Absinthe suddenly looked up when the alchemist made the comment. The fairy’s emerald eyes grew large and he shrieked.
“Oh bugger,” Cornelis said in frustration as the tiny fairy flew over to him making a series of very irate noises.
“What’s wrong with our tiny friend?” I asked worriedly though my voice came out in a sardonic tone.
“Yadadarcyyada is an incantation. I can’t believe I just said it aloud. If you hadn’t picked that blasted book it would never have happened,” Cornelis complained and the Green Fairy screamed again when Cornelis said the magic word a second time.
The submarine started to vibrate. It shuddered every few seconds. Everything around me looked like reflections from a fun-house mirror ― stretching, expanding, contracting, becoming triplicate reflections.
It was more than my upset stomach could take. Apparently the nausea was plain on my face. Absinthe gave a sputtering grunt and a wastebasket appeared in my hands, just in time for me to retch into the container. I had the sneaking suspicion the tiny fairy was more concerned about keeping his submarine home clean than worried about my upset stomach.
Cornelis was yelling something about shifting of “the in to the out” and tucking a bit from this reality into the next — just as he had mentioned before.
The submarine began to spin. I lost my balance and landed on the floor. Copper fell down next to me, and I held the child with one arm and used my other arm to deflect books that fell down from the shelves and onto us.
Absinthe seemed to realize Copper was in distress. He fluttered down to us, and landed on Copper’s shoulder. Then he wrapped his tail protectively around her head. A bright green light formed around us.

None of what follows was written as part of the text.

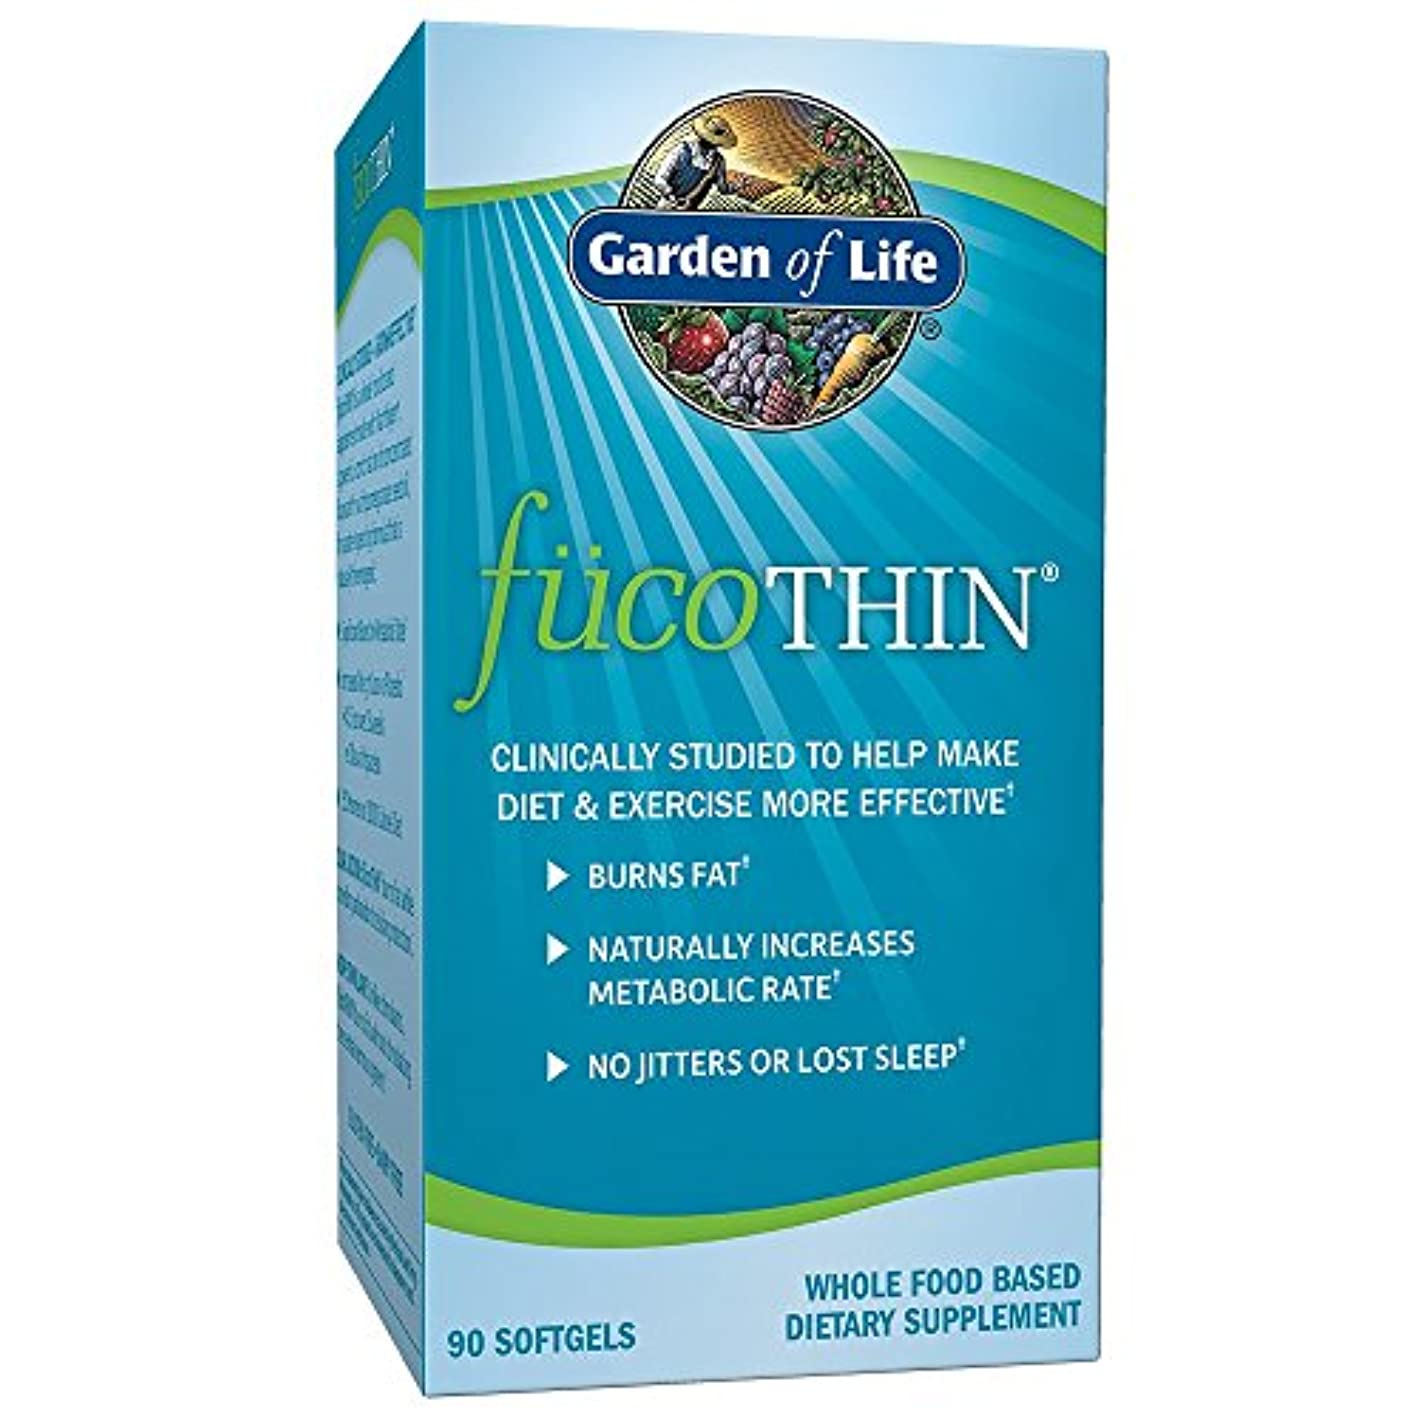 飼料素晴らしいシロクマフコシン(フコキサンチン配合メラメラダイエット) 海外直送品

When I touched the aura, I was surprised to find it felt as hard as steel.
As the world around me whirled, I saw Cornelis frantically working with the perpetual motion machine and the magical finial. The submarine whirled so fast that everything became a blur.
As the force and pressure created by the maniacally spinning vessel became too great, darkness overtook me.
Real World Notes
Perpetual Motion Machines. Drawings of perpetual motion machines date back to the 13th century, with French master mason and architect, Villard de Honnecourt. Leonardo da Vinci also made a number of drawings of devices he hoped would make free energy.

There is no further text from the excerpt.